# Titanio



## mj3200 (Apr 18, 2008)

I read that De Rosa switched from 3/2.5 to 6/4 tubes in 2002 but have now reverted to 3/2.5.

Anyone know why?


----------



## kbwh (May 28, 2010)

3/2.5 was always easier to work with.


----------



## Trialtir USA (Mar 5, 2012)

It really boiled down to the cost of the tubing. In today's costs the Ti XS would have been several thousand dollars more than the 3.25. Both materials were no problem for Doriano to work with.


----------



## Matt1986 (Mar 19, 2010)

Having recently picked up a second hand Titanio XS (at a pretty excellent price) I would be interested in hearing why they have chosen to revert to 3/2.5. Knowing Doriano's ability I would hope it's just the cost, not any practical reason.


----------



## Trialtir USA (Mar 5, 2012)

It is purely a matter of cost. The demand for the 6.4 (Ti XS) frames was pretty good but not compared to the Ti2 (or newer Ti 3.25). The tubing is drawn to spec for De Rosa standards and when they start figuring in cost of carrying two types of materials it just did not make a lot of sense.

Doriano is a very gifted craftsman. Working with either material was never a problem nor would it be today. I had the pleasure of spending several hours with him back in January when I was visiting for Ugo's birthday/ Protos release and his expertise in this material is beyond reproach.

I'm working on editing of the video we shot during that time of Doriano building a frame. It's taking some time to make 6 hours of footage down to 10-15 minute video but I'll try to have it up this spring for everyone.


----------



## mj3200 (Apr 18, 2008)

Thanks for the answer.


----------



## tigger (Mar 16, 2007)

Is titanio 3.25 frame custom build only?


----------



## Trialtir USA (Mar 5, 2012)

*Production and Custom*

De Rosa offers standard in line production of 30 sizes from standard geometry to sloping. They also do custom production as well. Then we can also start adding in the Scattofisso Ti model and the possibilites become even more incredible. 

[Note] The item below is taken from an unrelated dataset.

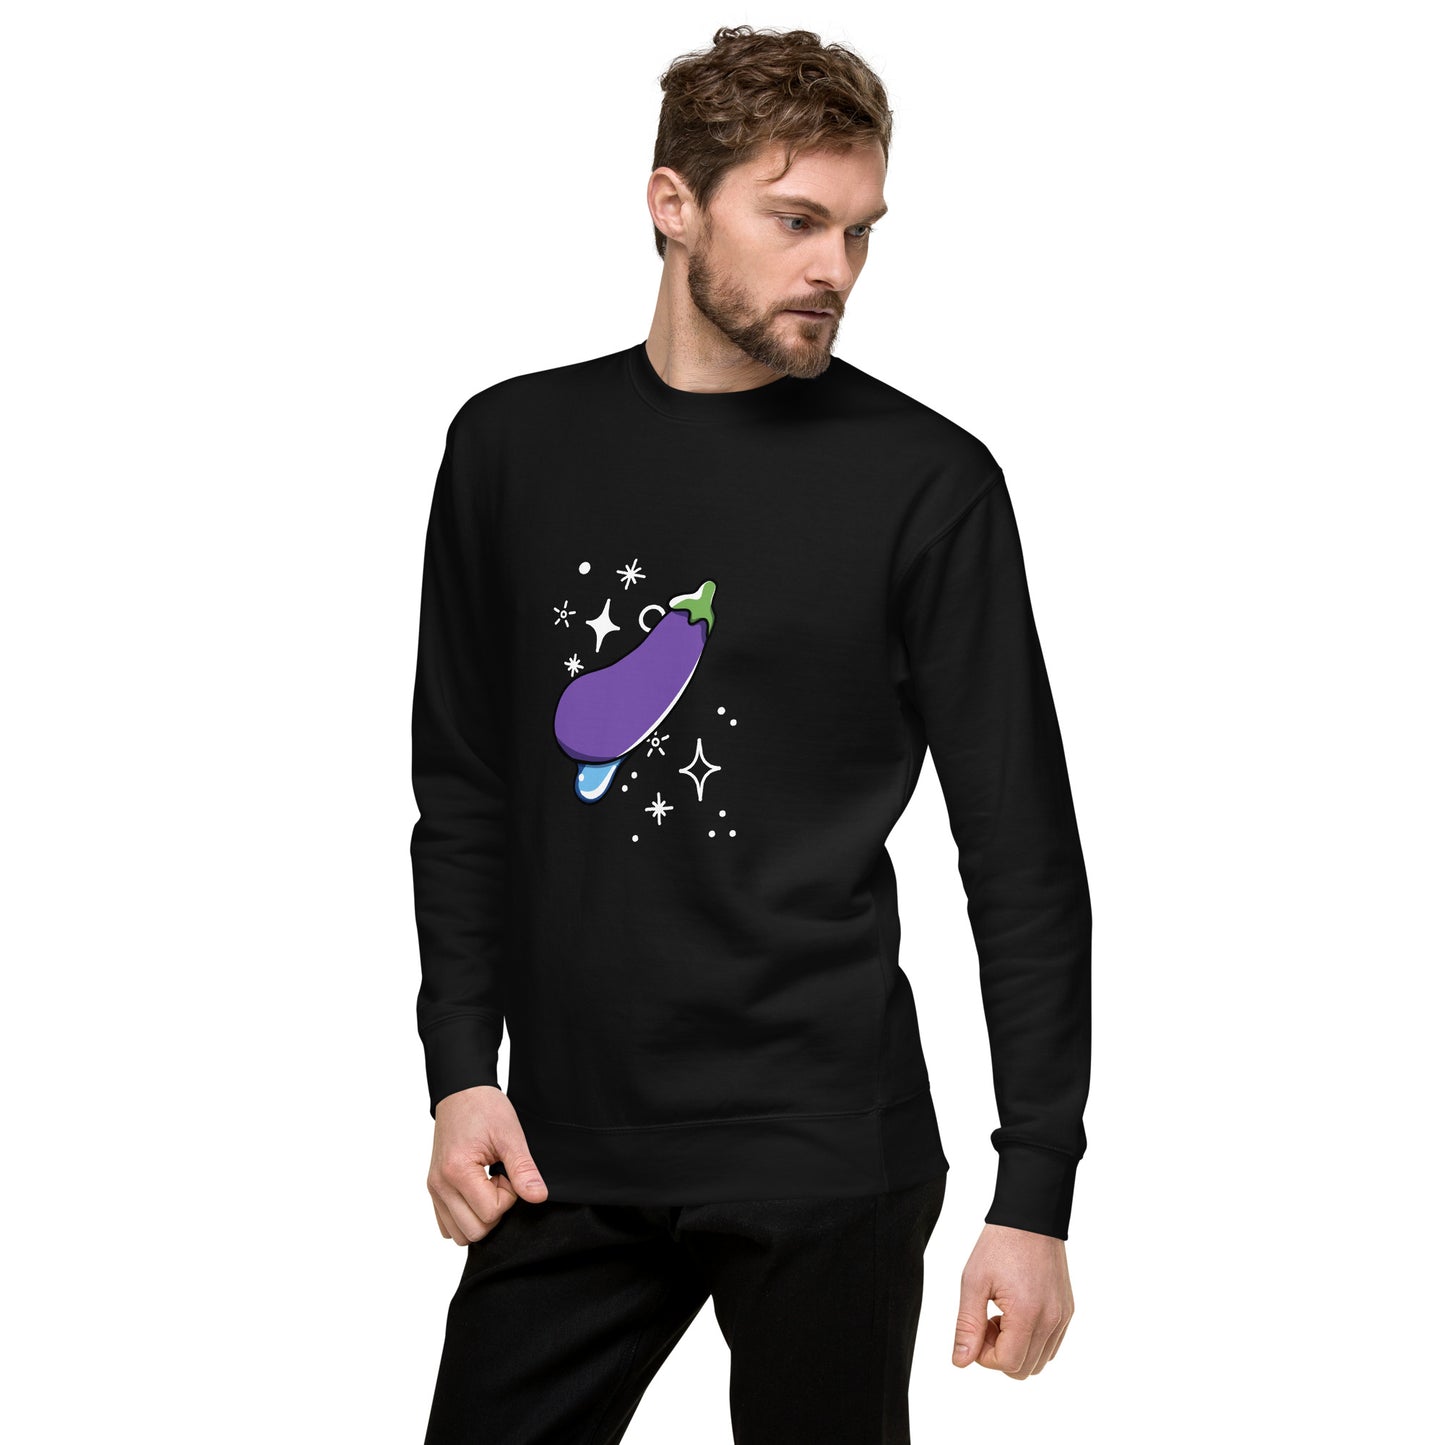 Eggplant Sweatshirt

Doriano is a genius with this material. Although the wait time is longer than standard De Rosa production bikes, it is well worth the wait to have something so special to ride.


----------



## tigger (Mar 16, 2007)

Anyone ridden one of these frames. Any comments on ride quality and build quality.What is the lead in time for this frame.


----------



## Matt1986 (Mar 19, 2010)

tigger said:


> Anyone ridden one of these frames. Any comments on ride quality and build quality.What is the lead in time for this frame.


Yep, I'm lucky enough to own one. I'm touring at the moment and only managed to get a few rides in after finishing the build, but first impressions were that the frame was amply stiff while still delivering a very smooth ride. Almost as compliant as carbon, but with more discernible feedback from the road. In terms of build quality, it's hands down the finest frame I've held in my hands - welds on par with the best, agreeable geometry, fantastically light yet assuringly robust. I can't say I'm wild about the XS decals, but that's as far as my gripes go. 

I often daydream about riding it again while cruising through Europe on my fully-loaded tourer (which weighs more than 5 times as much). Particularly on the hills!


----------



## tigger (Mar 16, 2007)

Thank you Matt 1986. Was your frame stock geomrtry or custom build. I will require custom as I need a longer head tube. How long did you wait for your frame.


----------



## Trialtir USA (Mar 5, 2012)

Take a look at our geometry charts on the web. We offer over 30 sizes stock configured as well as custom. the standard lead time depends on only one variable - Doriano De Rosa. He is the only person who will be building this frame so if he has many orders then you will have to wait but it will be worth every bit once it arrives and you take your first ride on it. 

Just for chance - we actually have a 55cm Titanio XS here if anyone is interested. Last one of the breed.


----------



## Matt1986 (Mar 19, 2010)

tigger said:


> Thank you Matt 1986. Was your frame stock geomrtry or custom build. I will require custom as I need a longer head tube. How long did you wait for your frame.


I actually picked mine up second hand, so I can't be sure about geometry or wait time. For what it's worth, mine is a 61x59 with a traditional top tube - a lucky find, it fits like a glove.


----------



## tigger (Mar 16, 2007)

Thanks for your comments Matt 1986. Your frame has been a great find.I am sure it will be first class. Enjoy it.


----------